Lihat ke Halaman Asli

Boyke Abdillah

Hanya manusia biasa

Antara Indon dan Jekardah

Diperbarui: 24 Juni 2015   05:58

Kompasiana adalah platform blog. Konten ini menjadi tanggung jawab bloger dan tidak mewakili pandangan redaksi Kompas.

Bahasa. Sumber ilustrasi: FREEPIK/Jcstudio

Siang ini saya membuka akun FB untuk sekadar membaca status-status teman. Tiba-tiba saya agak terperanjat membaca 2 status dari dua orang sahabat FB yang kebetulan keduanya merupakan warga Jakarta. Yang satu menulis:

Jakardha..Jakardha... hare gene masih muacheet....

Satu lagi menulis statusnya dengan kalimat:

Bye bye Jekardah...prepared to KL for meeting.

Entah mengapa ketika membaca kedua status tersebut saya menjadi sedikit emosional. Sejak kapan penulisan Jakarta menjadi Jakardha atau Jekardah? Untuk meredam rasa emosi itu, saya coba untuk berpikir, jangan-jangan ke dua sahabat saya itu salah tulis? Tapi rasanya tidak mungkin. Hanya orang begolah yang salah menuliskan kata Jakarta, secara Jakarta itu sudah awam sekali penulisannya, terpajang di mana-mana baik di papan alamat, di surat kabar, majalah, dan di media lain. Atau bisa jadi, ini adalah tren baru biar terlihat seperti orang bule mengucapkan Jakarta (tentu saja melafazkan huruf R dengan lidah ditekuk ke dalam) Terdengar keren kan? Kalau memang hanya tren baru untuk gaya-gayaan, sungguh memalukan sekali. Kenapa bisa begitu?

Nama adalah sebuah identitas. Terutama untuk orang dan tempat. Adanya sebuah nama kita akan langsung mengenali jati diri beserta ciri yang melekat di dalamnya. Karena itulah untuk menghormatinya, setiap penulisan nama baik untuk orang maupun tempat diawali dengan huruf kapital. Berubah penulisan akan diprotes sama yang punya identitas. Buktinya, kalau ada orang yang salah menuliskan nama kita, otomatis kita akan protes. Tidak boleh salah, tidak boleh kurang atau berlebih hurufnya. Bahkan setiap orang, namanya disahkan oleh negara dalam bentuk akte kelahiran. Saya kira nama suatu badan usaha pun ada aktenya. Penulisan Jekardah atau Jakardha adalah suatu bentuk pelecehan walau punniatnya untuk gaya-gayaan biar kedengaran keren seperti lidah orang bule.

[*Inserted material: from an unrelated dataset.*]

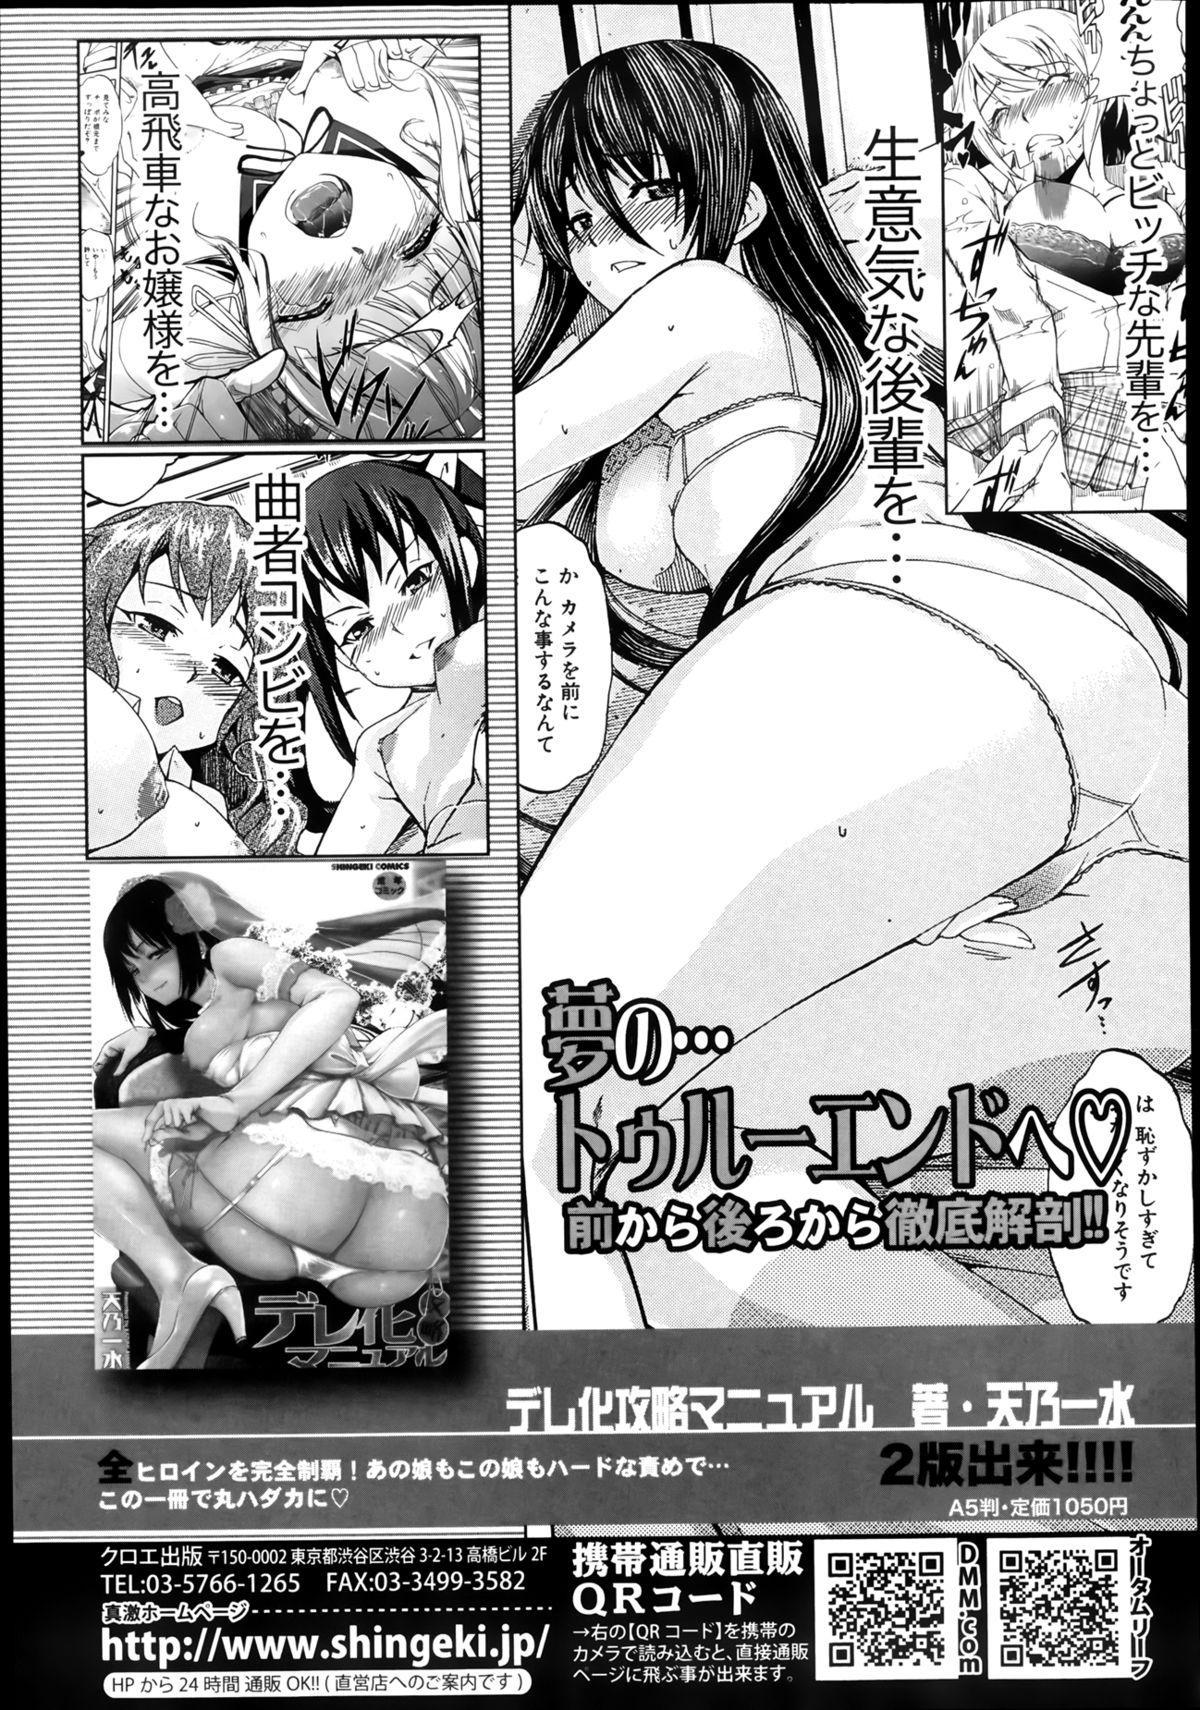 COMIC Shingeki 2013-08 270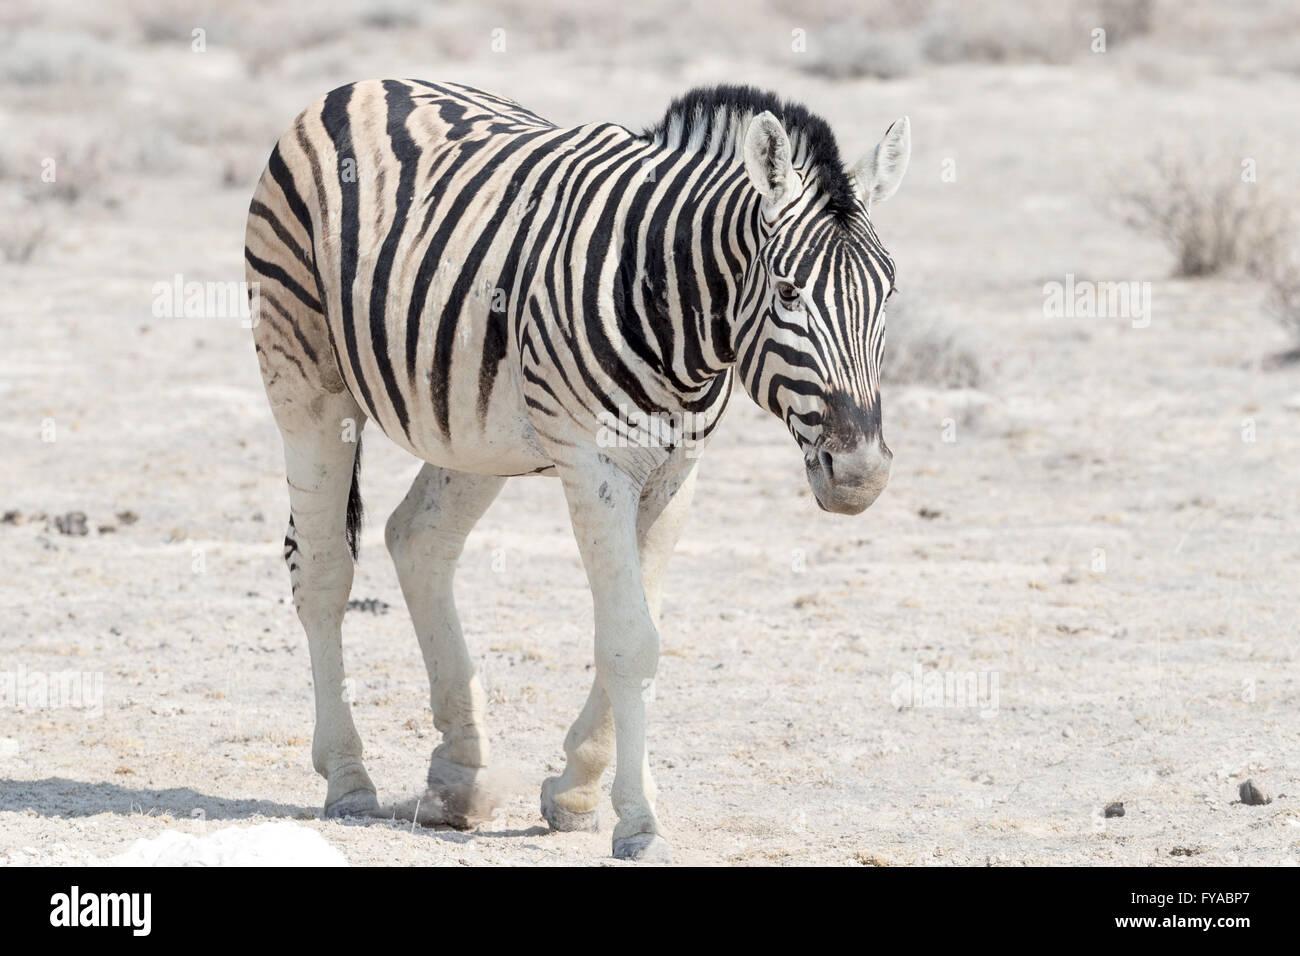 Plain's Zebra Chapman's race walking along the road Etosha National Park Namibia - Stock Image

Jadi penulisan Jakarta tidak keren ya? Pengucapan dengan sempurnaJa-kar-ta (lafaz R dengan lidah di langit-langit) terdengar kampungan ya? Makanya harus meniru orang bule mengucapkan Jakarta seperti cara mereka? Itu sama saja artinya rendah diri alias mengalami sindrom yang bernama mentalitas inlander!

Kita orang Indonesia marah-marah sama orang Malaysia karena mereka menyebut kita orang Indon. Kita menganggap itu adalah pelecehan terhadap identitas kita sebagai orang Indonesia. Mereka berkelit karena menurut mereka itu adalah sekadar penyingkatan semata seperti mereka menyebut orang Bangladesh dengan Bangla. Kita tetap tak bisa menerima. Nama adalah identitas. Tidak boleh asal kecuali telah sesuai dengan kesepakatan yang ada.

Dan sekarang orang Indonesia sendiri melecehkan penulisan Jakarta menjadi Jekardah atau Jakardha. Besok-besok, Bandung menjadi Baendhun’, Surabaya menjadi Surabaeia, dan Padang menjadi Pedheng. Bisa judi,eh, bisa jadi kan?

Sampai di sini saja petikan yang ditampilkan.